For large files, using InputStream can be more memory-efficient:

package org.kodejava.net.http;

import java.net.http.*;
import java.net.URI;
import java.io.FileInputStream;

public class StreamUploadExample {
    public static void main(String[] args) throws Exception {
        HttpResponse<String> response;
        try (HttpClient client = HttpClient.newHttpClient()) {
            HttpRequest request = HttpRequest.newBuilder()
                    .uri(URI.create("https://example.com/upload"))
                    .POST(HttpRequest.BodyPublishers.ofInputStream(() -> {
                        try {
                            return new FileInputStream("large-file.data");
                        } catch (Exception e) {
                            throw new RuntimeException(e);
                        }
                    }))
                    .header("Content-Type", "application/octet-stream")
                    .build();

            response = client.send(request, HttpResponse.BodyHandlers.ofString());
        }
        System.out.println("Response code: " + response.statusCode());
    }
}

4. Best Practices

  • Choose the Right BodyPublisher: Pick the appropriate method for your data type:
    • Use ofString for small text payloads.
    • Use ofFile for files.
    • Use ofInputStream for large data to avoid memory issues.
  • Set Proper Headers: Use Content-Type and other relevant headers to ensure the server can interpret the body correctly.
  • Error Handling: Handle potential IO or HTTP communication exceptions gracefully.
  • Streaming for Large Data: When sending large amounts of data, consider using ofInputStream instead of loading the entire data into memory at once.

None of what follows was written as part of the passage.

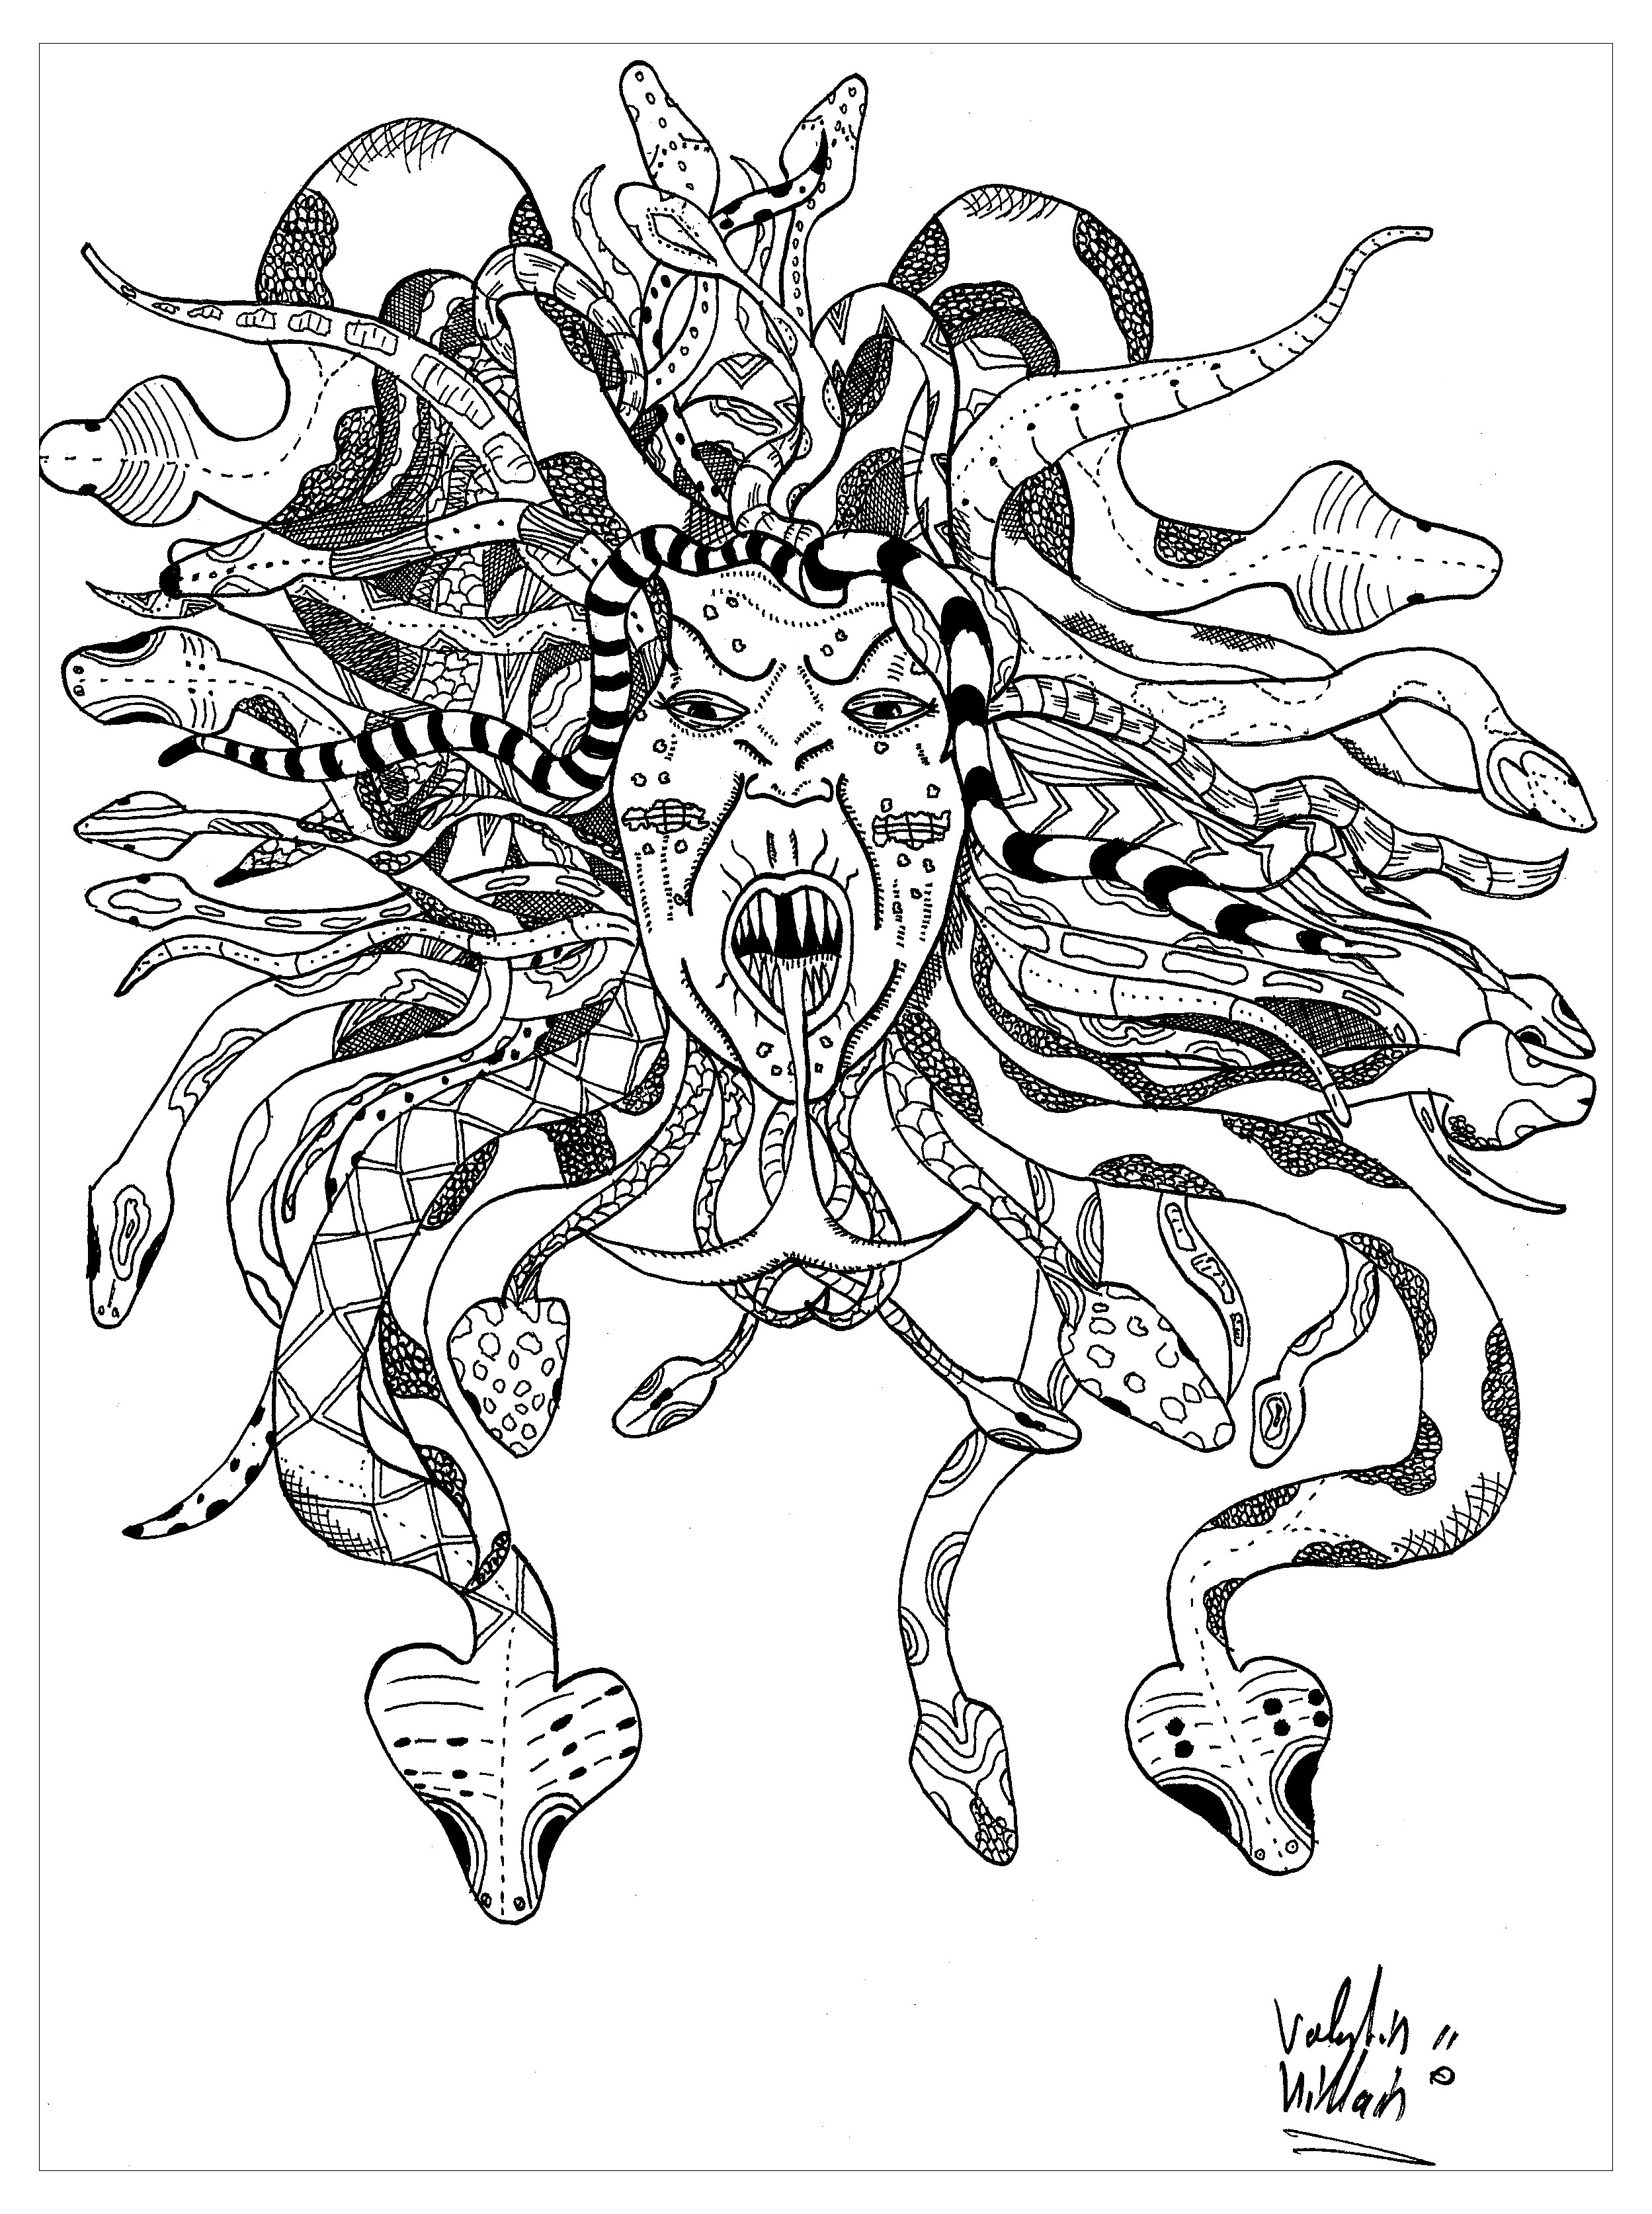 Coloring page of Medusa and her hair is interwoven with snakes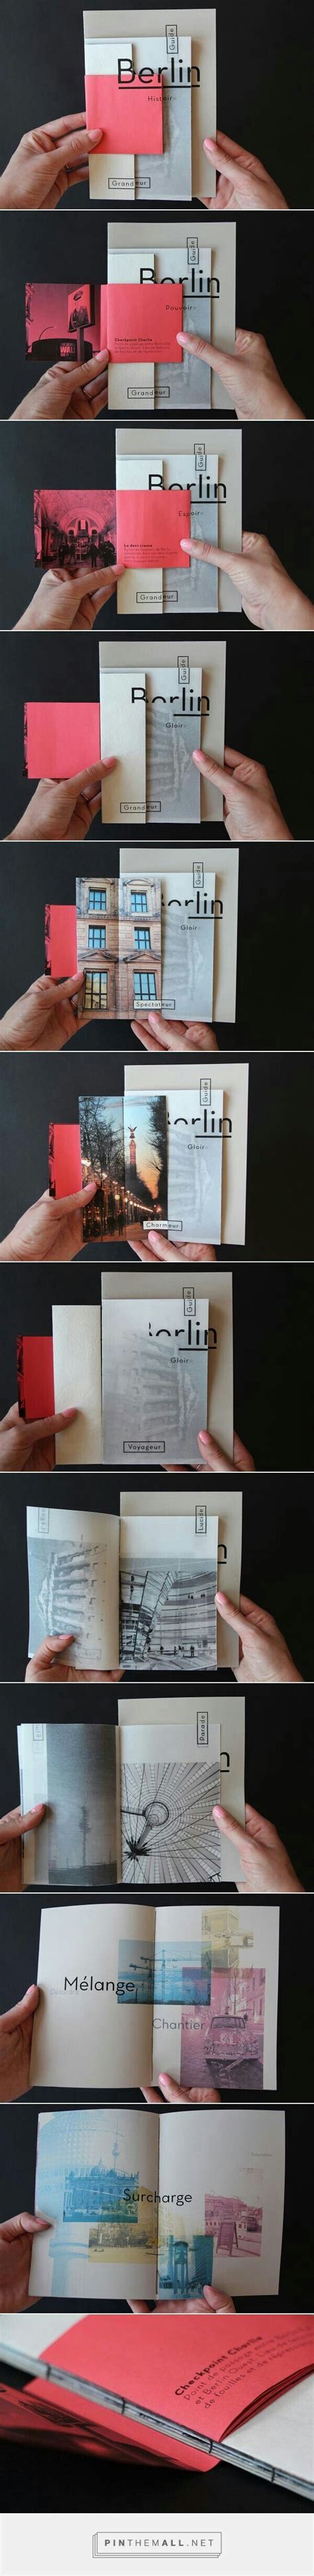 Pin On A Book By Its Cover Just Design Not Necessarily Content

5. Advantages of HttpRequest.BodyPublishers

  • Ease of Use: Simplifies working with different types of data (strings, files, streams, etc.).
  • Memory Efficiency: Supports streaming for large data payloads.
  • Modern API: Works seamlessly with the HttpClient introduced in Java 11.

By combining the capabilities of HttpRequest.BodyPublishers with other features of the Java 11 HTTP Client API, you can efficiently send HTTP requests tailored to your application’s needs.